The determining of the image warping result and the estimating of the current filter kernel may be further performed by the first processing unit.

The first processing unit may be configured to determine the previous filter kernel by executing the first neural network model independent of whether the current rendered image is generated.

The previous rendered image may be a first previous rendered image corresponding to a previous frame of the current rendered image or a second previous rendered image corresponding to a previous frame of the first previous rendered image, the previous reconstruction result may be a first previous reconstruction result reconstructed from the first previous rendered image or a second previous reconstruction result reconstructed from the second previous rendered image, and the first processing unit may be configured to determine the previous filter kernel by executing the first neural network model based on the previous rendered image and the second previous reconstruction result, independent of whether the current rendered image and the first previous reconstruction result are generated.

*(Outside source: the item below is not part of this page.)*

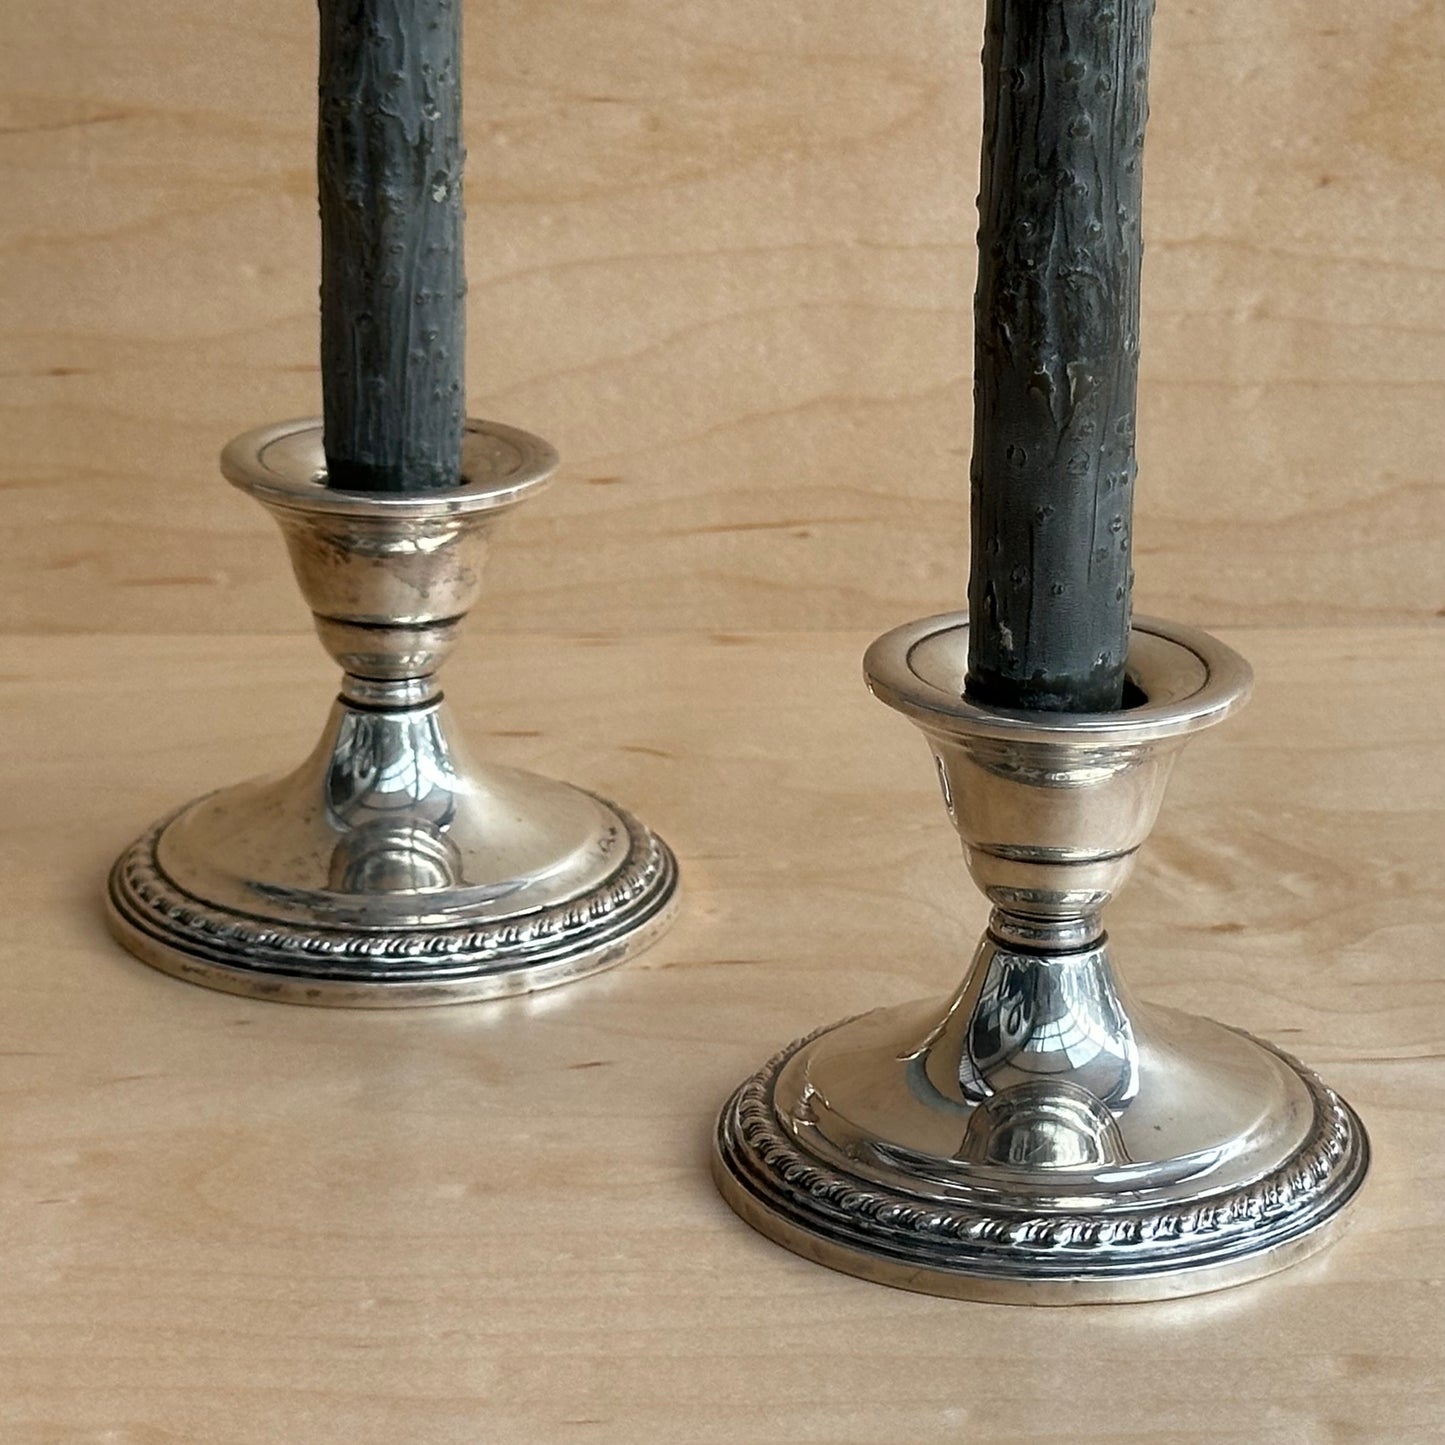 Vintage Sterling Candlesticks with Rope Motif

When a condition for generating a filter is not satisfied, the determining of the previous filter kernel is omitted, and the estimating of the current filter kernel may include estimating the current filter kernel by warping an existing filter kernel used prior to the previous filter kernel, instead of warping the previous filter kernel.

When a condition for generating a filter is not satisfied, the determining of the previous filter kernel may include determining a partial filter kernel of a target region of the previous filter kernel by executing the first neural network model with the previous rendered image and the image warping result, and the estimating of the current filter kernel may include updating a region corresponding to an existing filter kernel used prior to the previous filter kernel as the partial filter kernel of the previous filter kernel, warping the existing filter kernel, and estimating the current filter kernel.

The previous filter kernel may include sub-regions, and the target region may be sequentially selected from among the sub-regions.

The first neural network model may include an auto-encoder model including an encoding block and a decoding block.

The decoding block may include a convolutional recurrent layer configured to determine a current feature based on a previous feature.

The convolutional recurrent layer may warp the previous feature using the change-data and may determine the current feature based on a warping result.

A non-transitory computer-readable storage medium may store instructions that, when executed by a processor, cause the processor to perform any of the methods.

In one general aspect, an image processing apparatus includes a first image processing unit configured to warp a previous reconstruction result using change-data according to a difference between rendered images, and configured to determine an image warping result; and a second processing unit configured to determine a previous filter kernel by executing a first neural network model with a previous rendered image and the image warping result, wherein the first processing unit is configured to estimate a current filter kernel by warping the previous filter kernel using the change-data, and is configured to determine a current reconstruction result by executing a second neural network model with a current rendered image, the current filter kernel, and the image warping result.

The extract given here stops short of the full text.